*Dataset extract*.
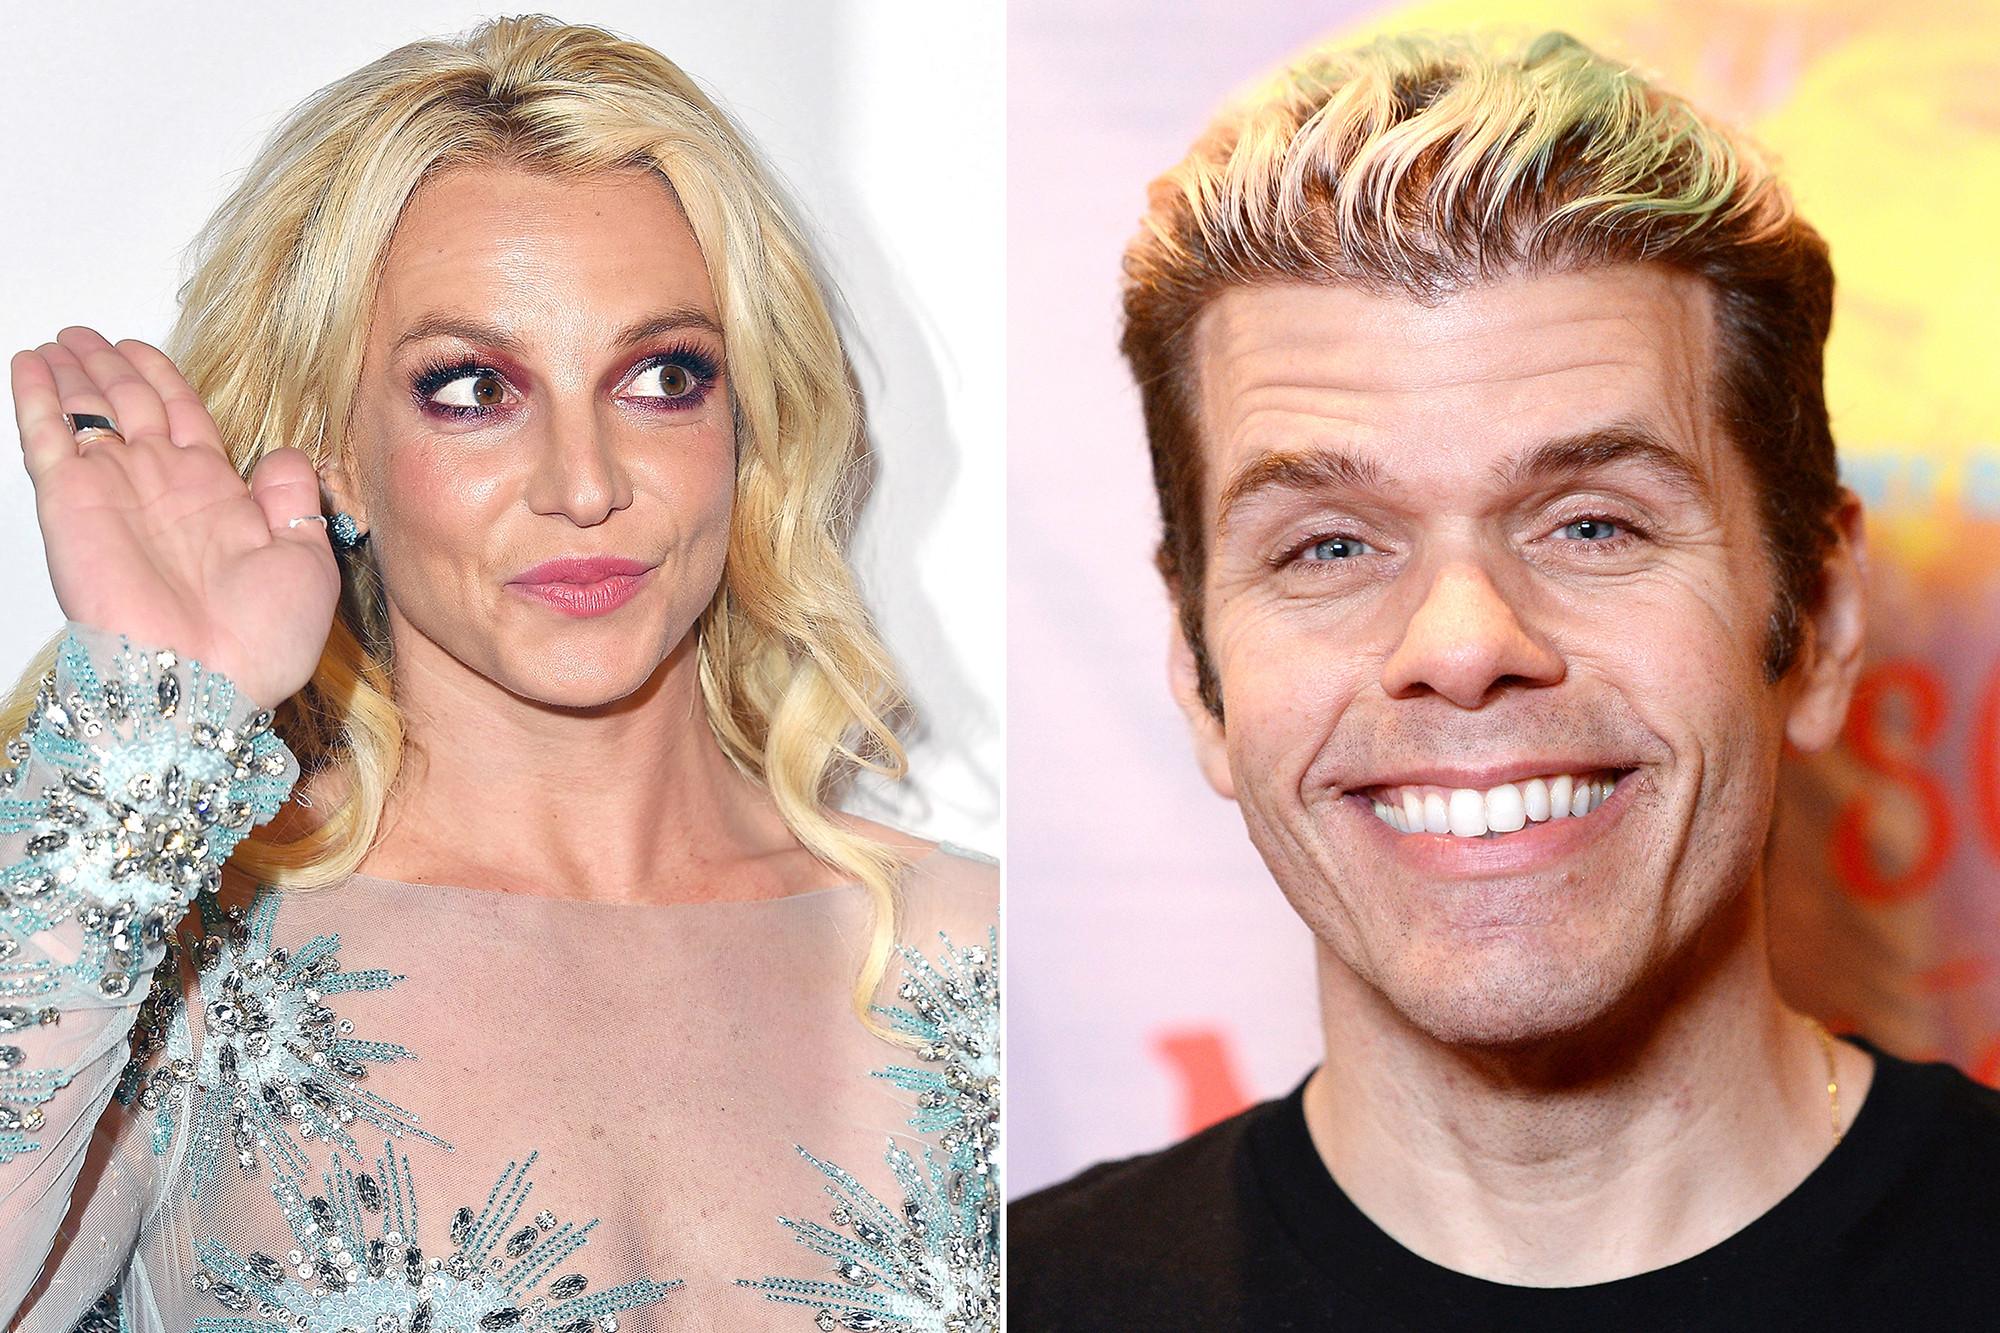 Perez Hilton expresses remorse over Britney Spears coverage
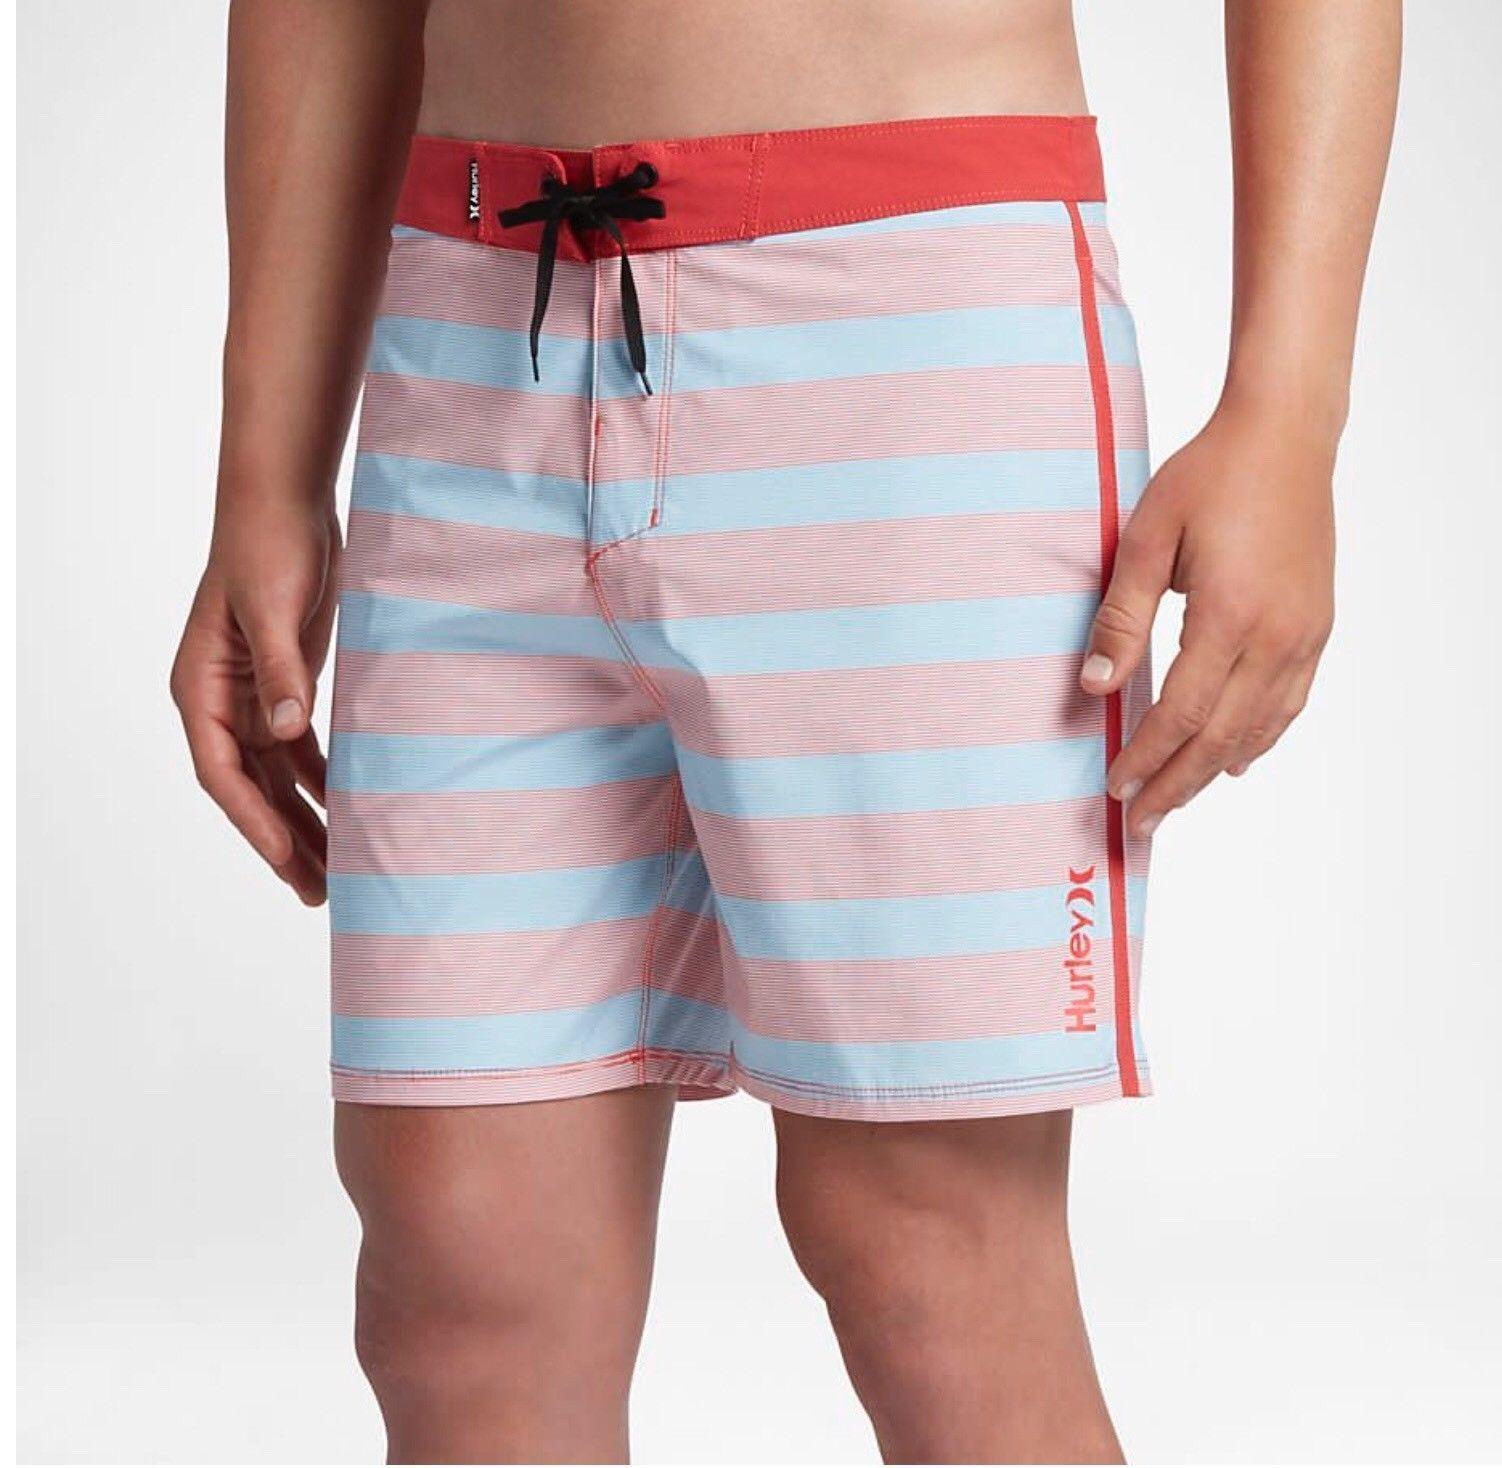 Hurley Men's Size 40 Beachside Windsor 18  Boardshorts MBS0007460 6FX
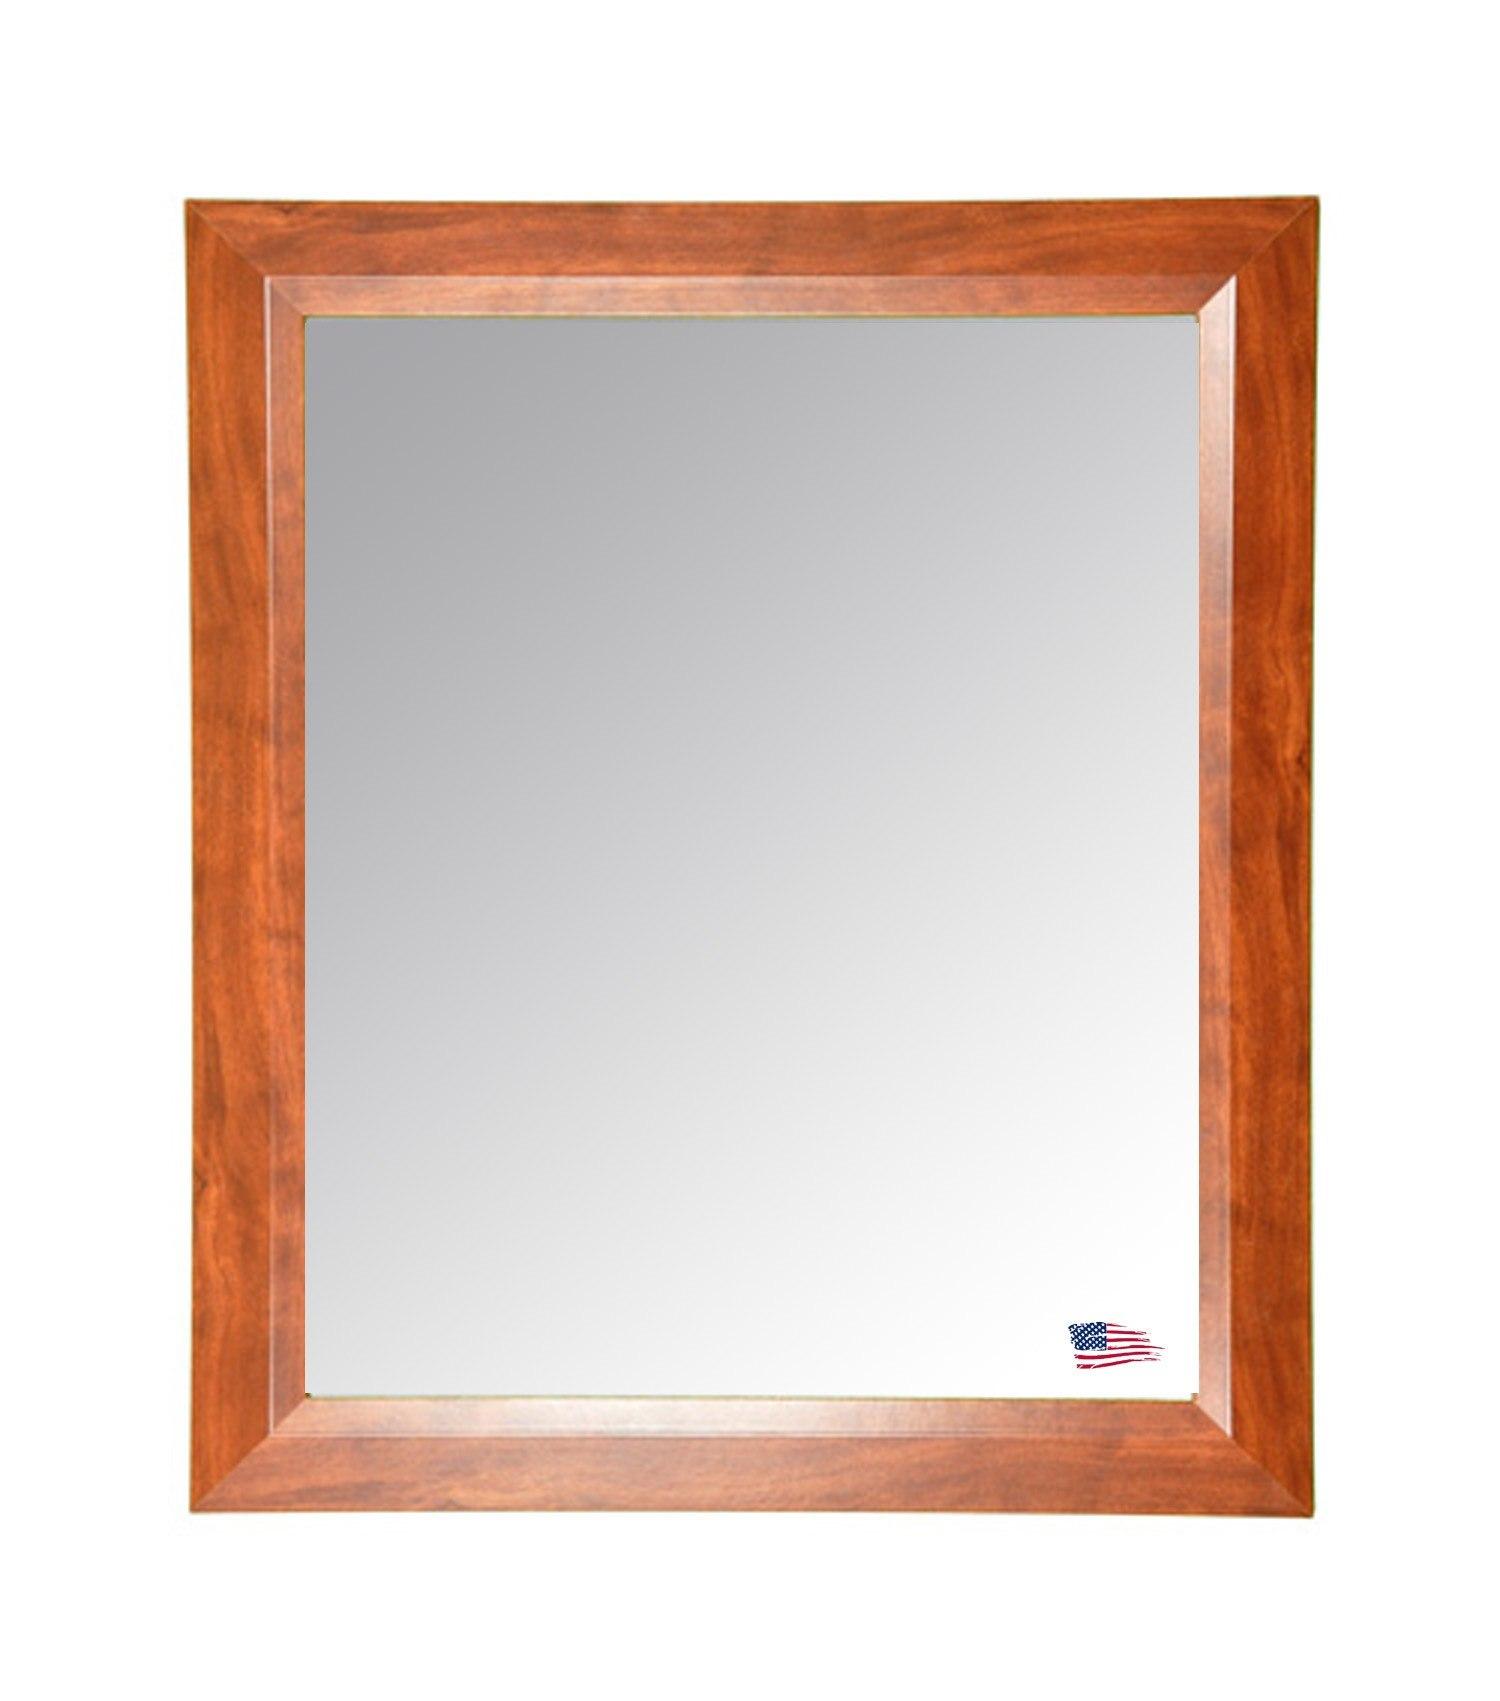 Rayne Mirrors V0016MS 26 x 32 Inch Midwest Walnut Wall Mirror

*What to work on*.
When you repeat the data, keep it exact and drop every picture.

*Result for this exercise*.
 Perez Hilton expresses remorse over Britney Spears coverage
 Hurley Men's Size 40 Beachside Windsor 18  Boardshorts MBS0007460 6FX
 Rayne Mirrors V0016MS 26 x 32 Inch Midwest Walnut Wall Mirror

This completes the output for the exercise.